Status:	RESOLVED FIXED

Product:	gvfs
Classification:	Core
Component:	metadata
Version:	unspecified
Hardware:	Other Linux

Importance:	Normal normal
Target Milestone:	---
Assigned To:	gvfs-maint
QA Contact:	gvfs-maint

URL:
Whiteboard:

Depends on:
Blocks:

Reported:	2013-05-21 16:12 UTC by Colin Walters
Modified:	2013-06-14 09:38 UTC

See Also:
GNOME target:	---
GNOME version:	---

Attachments
gdb.txt (5.50 KB, text/plain) 2013-05-21 16:12 UTC, Colin Walters		Details
0001-metadata-Downgrade-journal-short-read-to-debug.patch (1.20 KB, patch) 2013-05-21 22:19 UTC, Colin Walters	committed	Details \| Review

Description Colin Walters 2013-05-21 16:12:40 UTC

Created attachment 244960 [details]
gdb.txt

Unsure whether the flaw here is in glib or gvfs, let's start here.  See attached stack:

Comment 1 Colin Walters 2013-05-21 16:39:11 UTC

Blowing away ~/.local/share/gvfs-metadata makes the symptom go away, and the test passes.  

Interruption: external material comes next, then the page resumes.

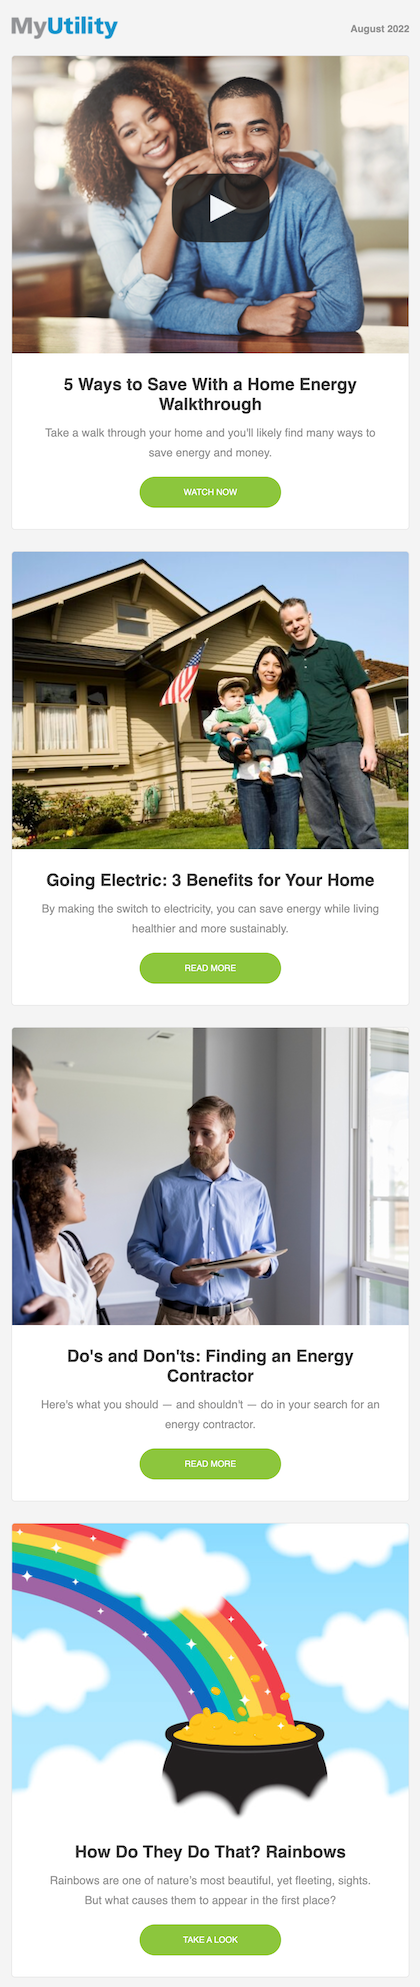 Example of energy utility email newsletter with video content in a series

Ok, to get a clean environment: logging out, and from a VT as root, shutting down gdm, ensuring gvfs-metadatad is dead, then rm ~walters/.local/share/gvfs-metadata -rf, then start gdm again to get a clean environment.

Running glib/file.test twice in a row triggers the corruption.

Comment 2 Colin Walters 2013-05-21 20:33:50 UTC

Ok, it's worth noting that glib/file.test creates a *lot* of threads.  From
https://bugzilla.gnome.org/show_bug.cgi?id=637095#c9

"One thing I find disturbing is no protection from concurrent access to the same
journal file from multiple clients. Clients have the journal file partially
mmaped - the data area but not the header, containing number of records etc.,
which is updated separately."

Really =(

This trivially reproduces for me by the way in jhbuild in Fedora 19, *assuming* that I build gvfs in the jhbuild root.

Comment 3 Colin Walters 2013-05-21 22:19:22 UTC

Created attachment 245002 [details] [review]
0001-metadata-Downgrade-journal-short-read-to-debug.patch

Comment 4 Tomas Bzatek 2013-05-22 10:44:15 UTC

Oh, is the g_warning() too intrusive for you? It was really meant as a warning since we're breaking journal iteration effectively losing data written after the corrupted entry (we don't know how much to seek, heuristics won't help here either since there's no magic header to look for).

(In reply to comment #2)
> Ok, it's worth noting that glib/file.test creates a *lot* of threads.  From
> https://bugzilla.gnome.org/show_bug.cgi?id=637095#c9
> 
> "One thing I find disturbing is no protection from concurrent access to the
> same
> journal file from multiple clients. Clients have the journal file partially
> mmaped - the data area but not the header, containing number of records etc.,
> which is updated separately."

I should note that this was meant in context of multiple systems sharing one physical storage, client here means a machine, isolated operating system.

In a single environment write access is controlled by single daemon, coordinating writes and database rotation. Unless you have multiple instances of gvfsd-metadata running (e.g. chroot or separate d-bus session sharing the same homedir), you shouldn't run into problem.

(In reply to comment #1)
> Running glib/file.test twice in a row triggers the corruption.

What was your setup exactly?

> This trivially reproduces for me by the way in jhbuild in Fedora 19, *assuming*
> that I build gvfs in the jhbuild root.

Not sure how jhbuild works, mixing various gvfs versions shouldn't matter in this case.

Comment 5 Colin Walters 2013-05-22 13:10:55 UTC

(In reply to comment #4)

> In a single environment write access is controlled by single daemon,
> coordinating writes and database rotation. Unless you have multiple instances
> of gvfsd-metadata running (e.g. chroot or separate d-bus session sharing the
> same homedir), you shouldn't run into problem.

But multiple processes are attempting to read from the journal which is being concurrently written, and it's possible to hit that g_warning().

> (In reply to comment #1)
> > Running glib/file.test twice in a row triggers the corruption.
> 
> What was your setup exactly?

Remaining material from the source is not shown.